TRIM7 ubiquitinates SARS-CoV-2 membrane protein to limit apoptosis and viral replication

Abstract

SARS-CoV-2 is a highly transmissible virus that causes COVID-19 disease. Mechanisms of viral pathogenesis include excessive inflammation and viral-induced cell death, resulting in tissue damage. Here we show that the host E3-ubiquitin ligase TRIM7 acts as an inhibitor of apoptosis and SARS-CoV-2 replication via ubiquitination of the viral membrane (M) protein. Trim7^-/- mice exhibit increased pathology and virus titers associated with epithelial apoptosis and dysregulated immune responses. Mechanistically, TRIM7 ubiquitinates M on K14, which protects cells from cell death. Longitudinal SARS-CoV-2 sequence analysis from infected patients reveal that mutations on M-K14 appeared in circulating variants during the pandemic. The relevance of these mutations was tested in a mouse model. A recombinant M-K14/K15R virus shows reduced viral replication, consistent with the role of K15 in virus assembly, and increased levels of apoptosis associated with the loss of ubiquitination on K14. TRIM7 antiviral activity requires caspase-6 inhibition, linking apoptosis with viral replication and pathology.

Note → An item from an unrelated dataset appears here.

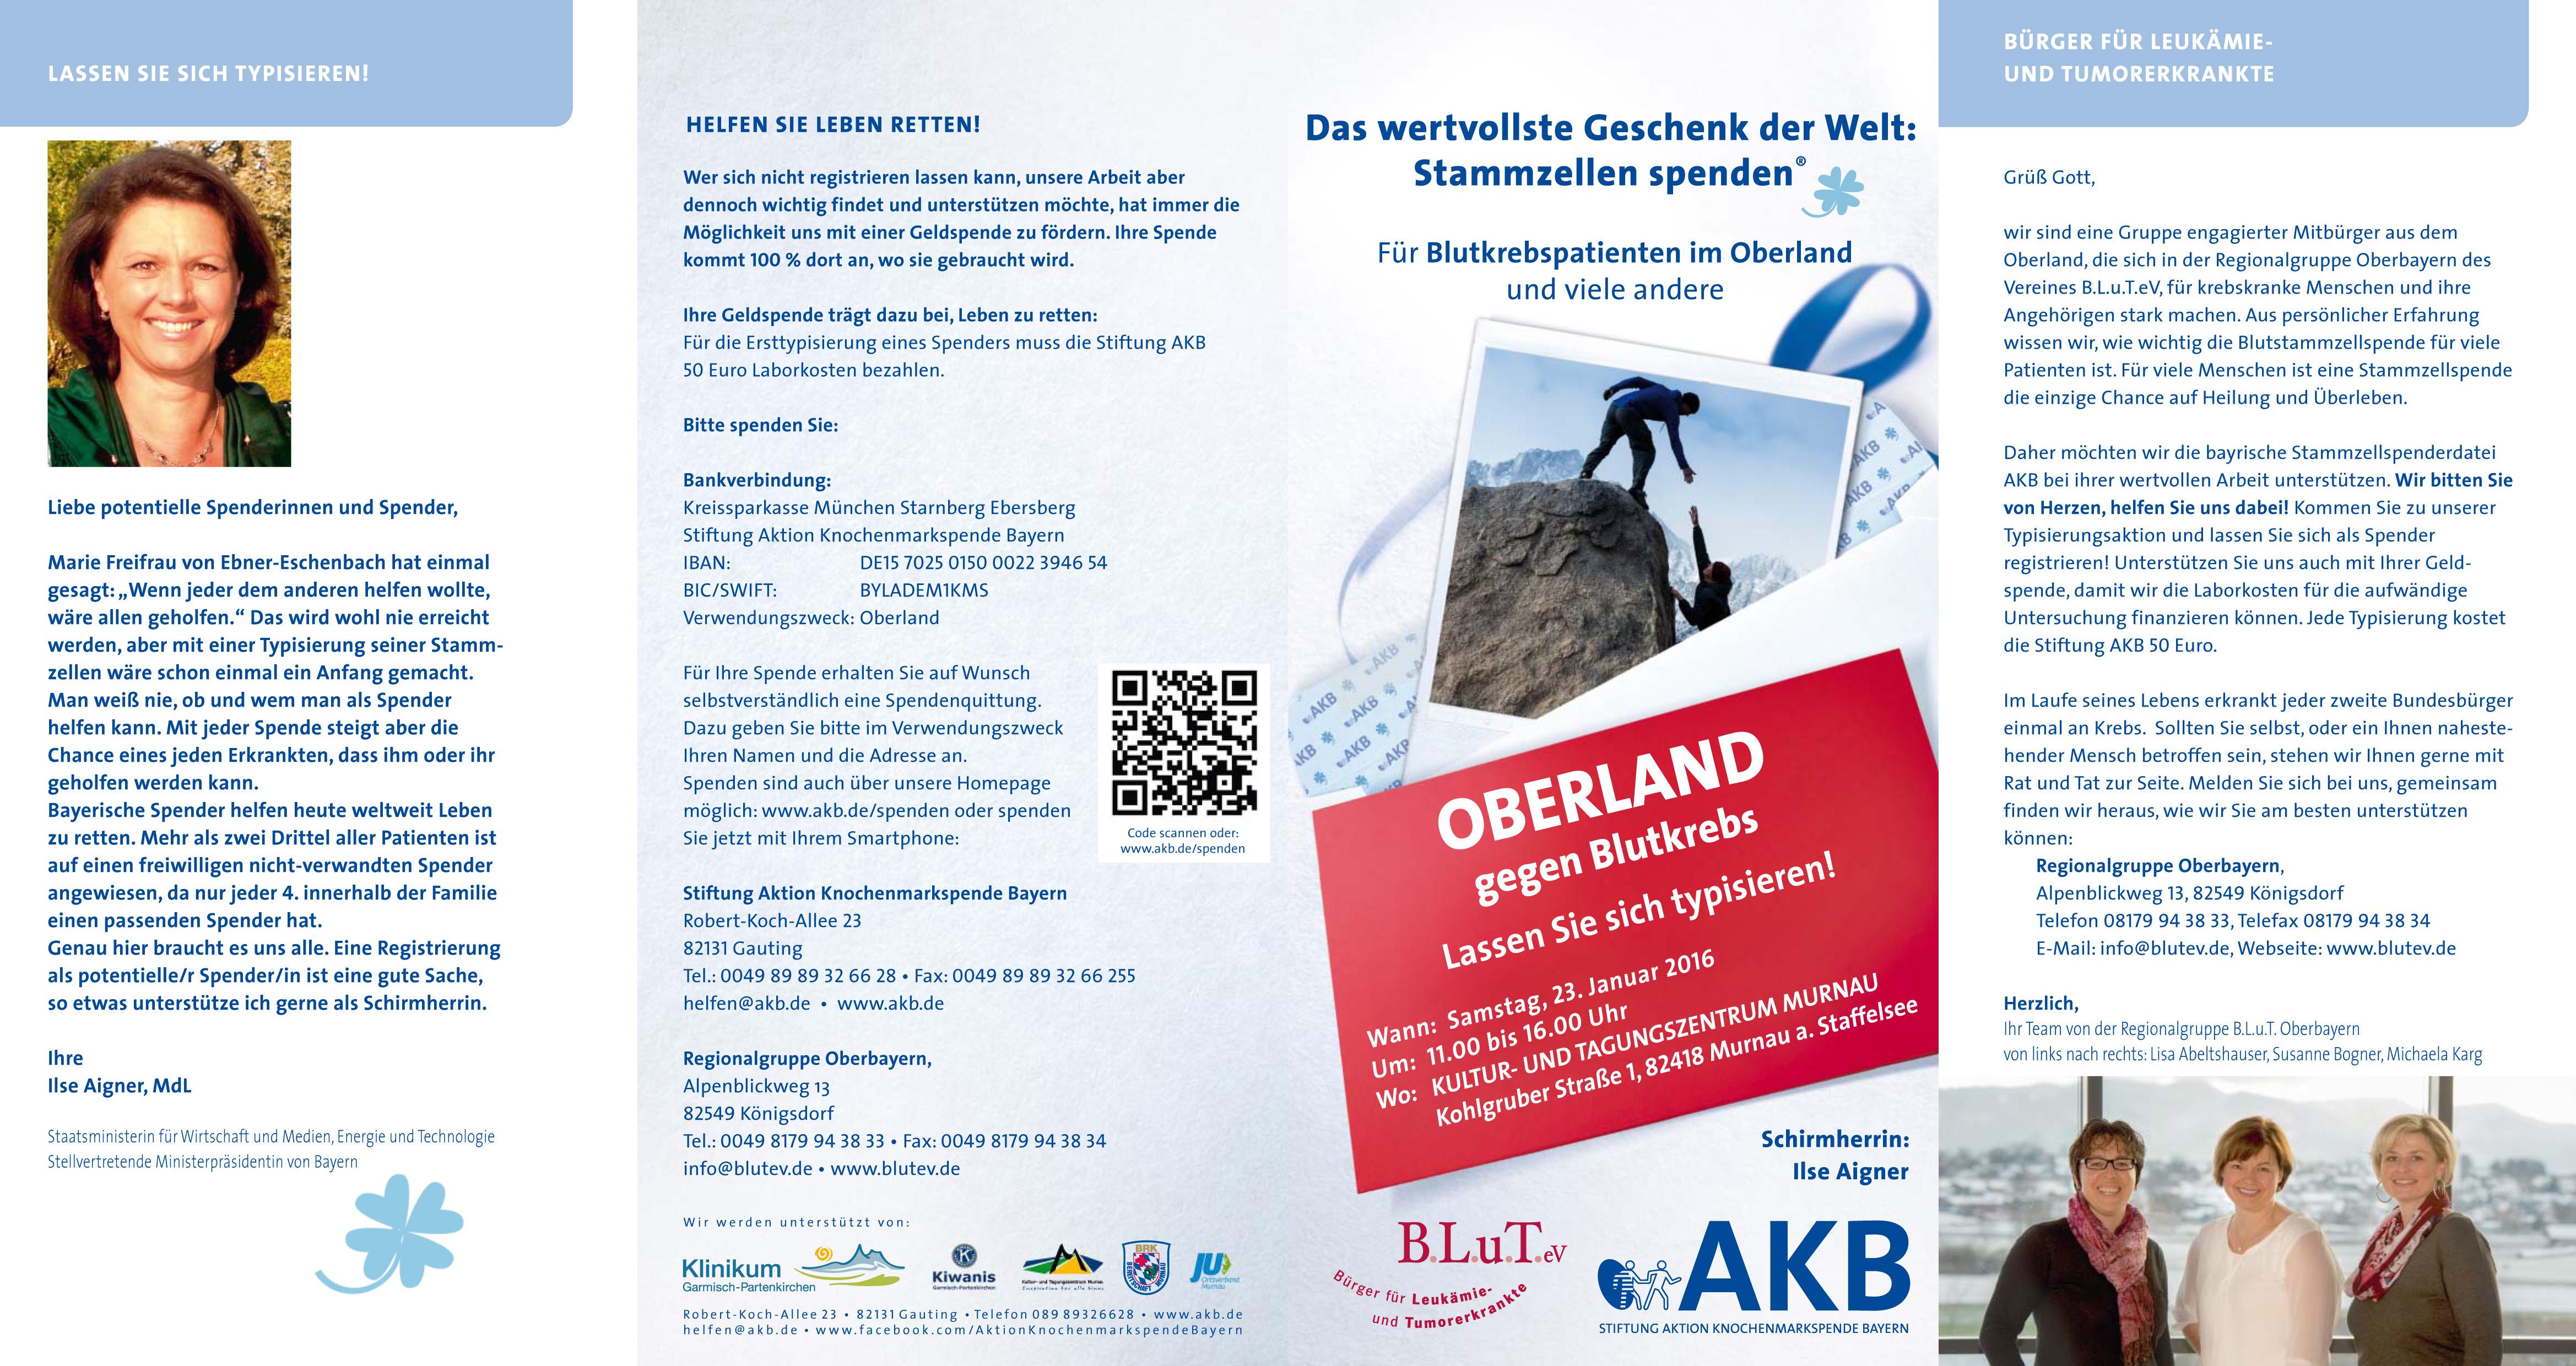 AKB-15-059_Aktion_Murnau_Fo_LY04.indd

Fig. 1. TRIM7 ubiquitinates SARS-CoV-2 Membrane protein.

a, b HEK293T cells were transfected with vector, M-HA, ±TRIM7 WT-FLAG, and immunoprecipitated using anti-FLAG beads (a) or anti-HA beads (b). c Immunoprecipitation of M protein of SARS-CoV-2 (SCoV-2) from Calu-3 cells infected with SARS-CoV-2 MOI 1 for 24 h using anti-M SCoV-2 or IgG control. d HEK293T cells transfected with M-HA, of TRIM7 WT-FLAG or TRIM7-ΔRING-FLAG (TRIM7 lacking the RING domain) ±OTU-WT-FLAG or OTU-2A-FLAG followed by immunoprecipitation with anti-HA beads, e denaturing pulldown using NiNTA beads. HEK293T cells transfected with 100 ng of His-Ub, M-WT-HA, M-K14R, M-K15R, M-K14O (all Ks mutated to Rs except for K14), +/- TRIM7 WT-FLAG. f Confocal microscopy of Hela cells transfected with TRIM7-FLAG (488), M-WT-HA or M K14R-HA (555), for 24 h. Colocalization profile graphs are shown. Data are representative of 2 independent experiments with at least 4 micrographs per condition. All western blot panels are representative of at least two independent experiments. Ub Ubiquitin, OTU ovarian tumor deubiqitinase. Source data are provided in the Source data file.

Fig. 2. TRIM7 has antiviral activity during SARS-CoV-2 infection.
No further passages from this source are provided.